Is there a relationship between honey and some components of computers? The immediate answer that tongues would suggest without thought is no. However, what seems strange and illogical has been realized at Washington State University, where university engineers demonstrated a method to use honey in creating components for neuromorphic computers—systems designed to mimic the neurons and synapses found in the human brain. In a study published on April 5 in the journal "Applied Science," researchers showed that honey can be used to make a "memristor," a component similar to a transistor that can not only process data but also store it in memory.
Feng Zhao, an associate professor in the College of Engineering and Computer Science at Washington State University and co-author of the study, stated in a report published on the university's website alongside the study: "This is a very small device with a simple structure, but it has very similar functions to human neurons. This means that if we can integrate millions or billions of honey memristors together, they could be turned into a neuromorphic system that works much like the human brain."

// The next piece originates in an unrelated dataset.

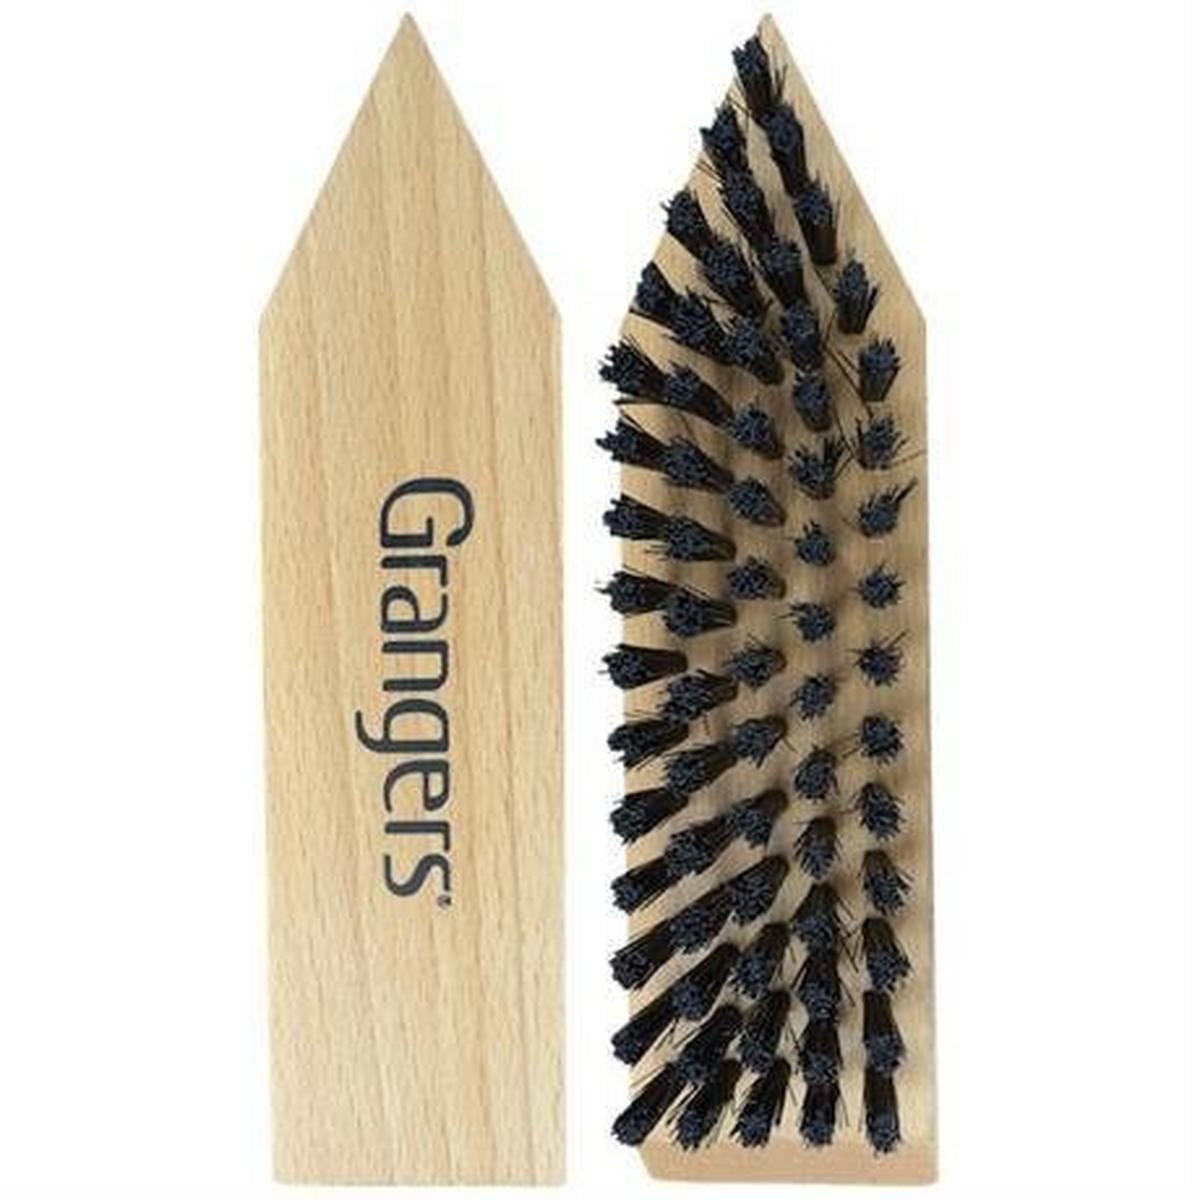 Grangers Granger's Footwear Brush

The "honey memristor" was developed by Brandon Soyka, the lead researcher of the study, by processing honey into a solid form and placing it between metallic electrodes, making its structure similar to human synapses. They then tested the memristor's ability to simulate synaptic function with high switching speeds of 100 and 500 nanoseconds, respectively. The memristor also simulated synaptic functions known as spike-timing-dependent plasticity and rate-dependent plasticity, which are responsible for learning processes in the human brain and retaining new information in neurons.
Engineers at Washington State University created honey memristors on a small scale, about the size of a human hair, and the research team led by Zhao plans to develop it on a nanoscale, about 1/1000 of a human hair, and assemble millions or even billions together to create a complete neuromorphic computing system. Currently, traditional computer systems rely on what is called Von Neumann architecture, named after its creator, which incorporates input, usually from a keyboard and mouse, and output, such as a screen, and also includes a central processing unit and memory storage.
Zhao explains that transferring data through all these mechanisms from input to processing to memory to output requires a significant amount of energy compared to the human brain. For example, the supercomputer Fugaku uses over 28 megawatts, which is almost equivalent to 28 million watts to operate, while the brain uses only about 10 to 20 watts. The human brain contains more than 100 billion neurons with over 1000 trillion synaptic connections between them, and each neuron can process and store data, making the brain more efficient than a traditional computer. Developers of neuromorphic computing systems aim to mimic this structure.